Пахло жареным. Мне совсем не улыбалась перспектива вести профилактические беседы с подрастающим поколением. И так, и эдак, мы окажемся в проигрыше. Если опасения напрасны, то мы будем глупо выглядеть перед Гошкой. А если нет, то Татьяна может вообразить, что это наше дурное влияние виновато. Мало ли, что придет ей в голову? Когда говорит материнский инстинкт, все прочие помалкивают.

- Хорошо! - воинственно подбоченился Марк. - Мы согласны поговорить с ним по-мужски.

"Интересно, как он себе это представляет? - подумал я. - Достанет из ридикюля веер и будет хлестать им Гошку по щекам?".

Татьяна, кажется, разделяла мой скепсис. Но хамить на этот раз не стала.

- Может быть, Кирилл... - предложила она.

"Вот кто у нас носитель святых мужских ценностей", - догадался я и оскорбился. Чем же это я не угодил?! Сколько лет я с ним нянчился, и вот благодарность! Вести беседы на щекотливые темы я, выходит, рылом не вышел! Я почувствовал себя гувернанткой, которой после долгих лет службы вдруг указали на дверь: вы не соответствуете занимаемой должности.

- Хм, - сказал Кирыч. - Сейчас?

- Ни в коем случае! - испугалась Татьяна. - Я пошлю Георгия к вам за чем-нибудь.

- Ага, за комплектом гомоэротических журналов..., - усмехнулся я, все еще переживая за свою обделенность.

- Мне не до шуток! - взвилась Татьяна.

- ...Если выбросит эту мерзость по дороге, значит, мамочка может спать спокойно, а если сопрет пару номеров, то будем кричать "караул", - злорадно закончил я свою мысль и получил оплеуху.

- Пшел вон! - в голосе Татьяны прорезался металл.

Я понял, что если скажу еще что-нибудь, то рассвет встречу сильно изувеченным. Татьяна аж пожелтела от негодования.

- Вон из моего дома! - раздельно повторила она.

Мне не оставалось ничего другого, как бесславно покинуть поле боя.

 

* * *

Я не обиделся. Татьяну можно понять. Не думаю, что она всю жизнь мечтала о сыне-содомите. Ну, кто тянул меня за язык?! Теперь Татьяна в смертельной обиде. В знак солидарности мои сожители тоже объявили бойкот. Марк демонстративно отвернулся. Кирыч изучал карту метро на стене вагона, словно увидел ее в первый раз. Осуждают.

- ... Станция "Китай-город", - сказал бархатный баритон.

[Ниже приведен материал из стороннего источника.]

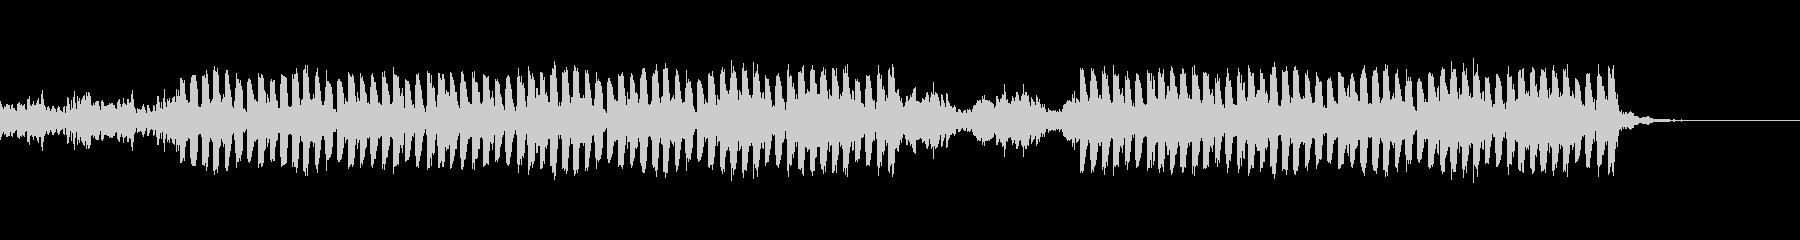 おしゃれ・モダン・EDM4の未再生の波形
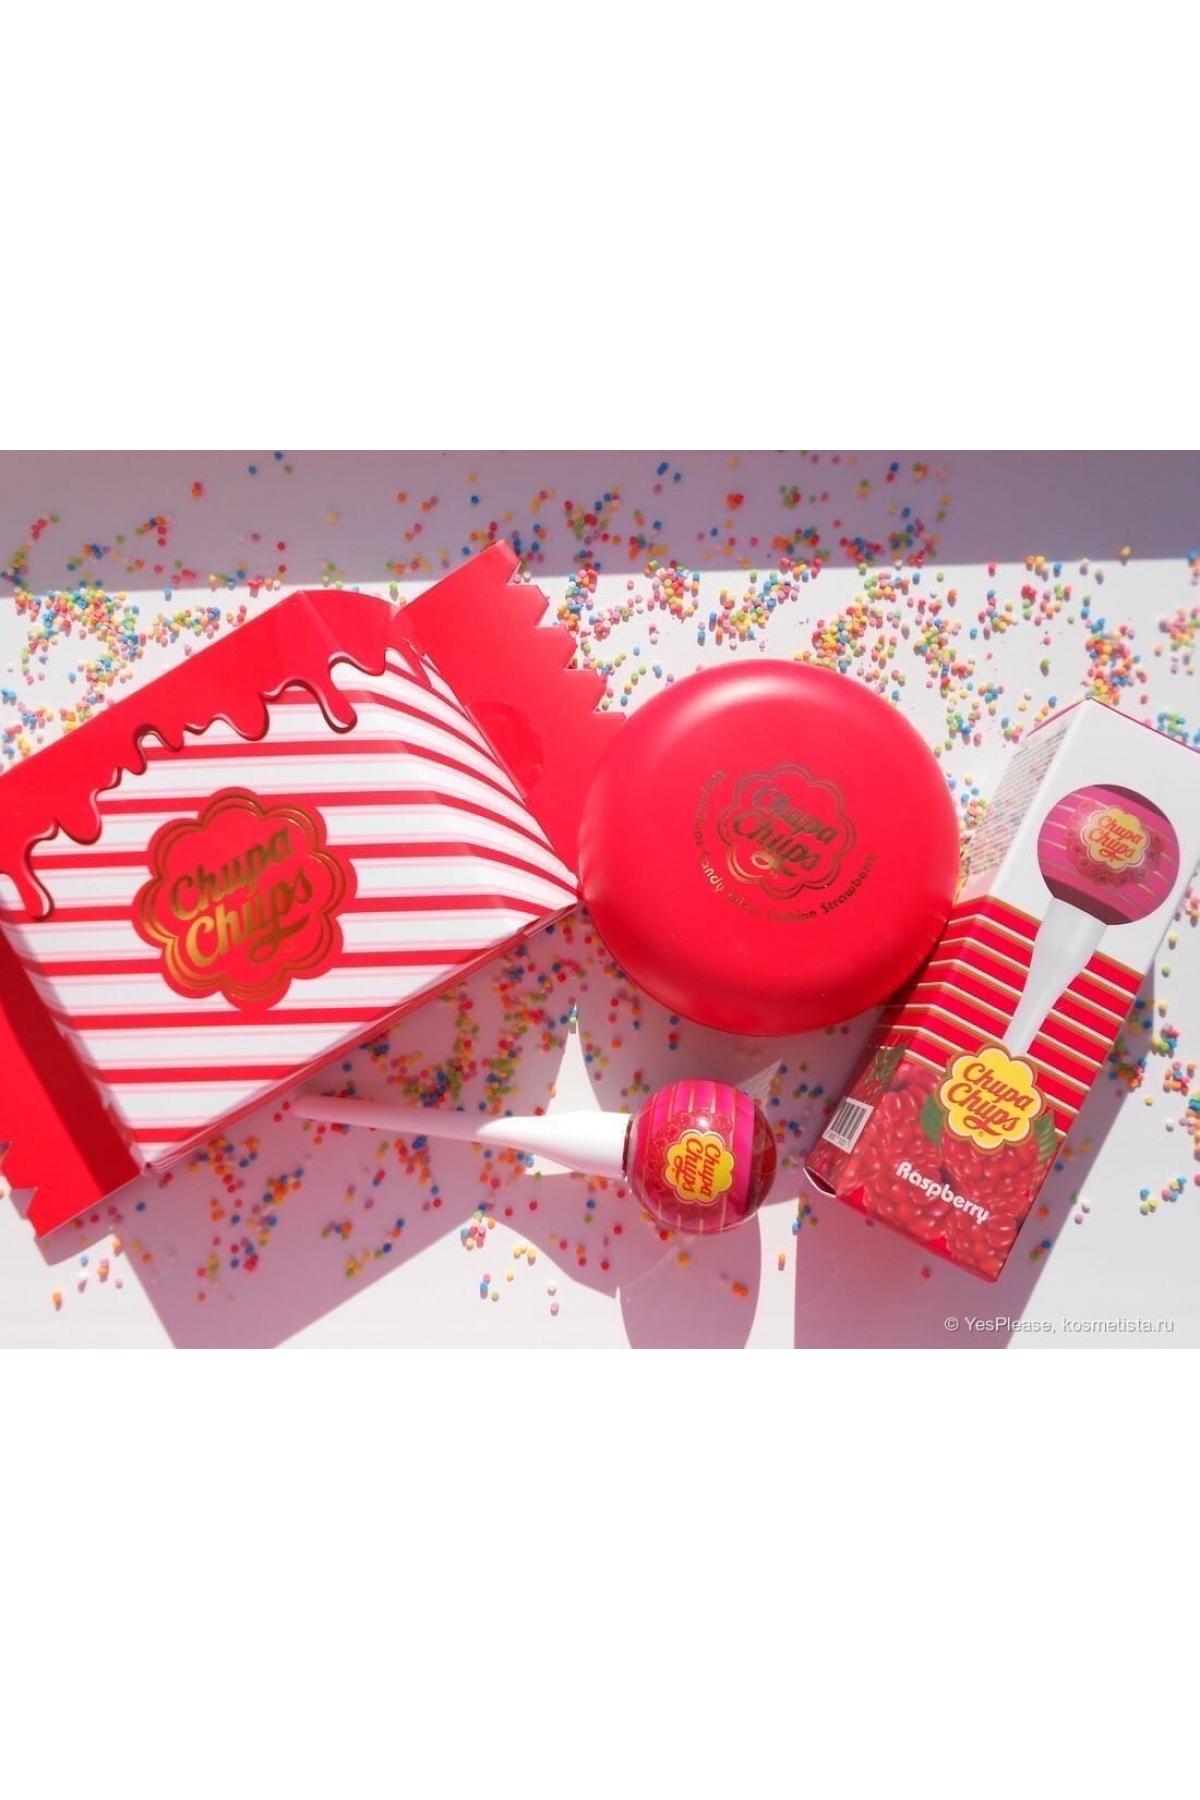 Тональная основа-кушон Chupa Chups Candy Glow Cushion Strawberry SPF50+ PA++++

"Будто предлагает совокупиться", - раздраженно подумал я. Хозяин этого голоса наверняка стар и сексуально давно не привлекателен. По утрам ходит за кефиром, ряженый в синтетические тренировочные штаны с вытянутыми коленками, у него высохшие руки и очки с толстыми стеклами, которые делают его глаза огромными, как у совы. А может, вообще, - умер и съеден червями.

- Переход на Калужско-рижскую линию, - сказал мертвец.

Марк с Кирычем, даже не оглядываясь в мою сторону, вышли из вагона.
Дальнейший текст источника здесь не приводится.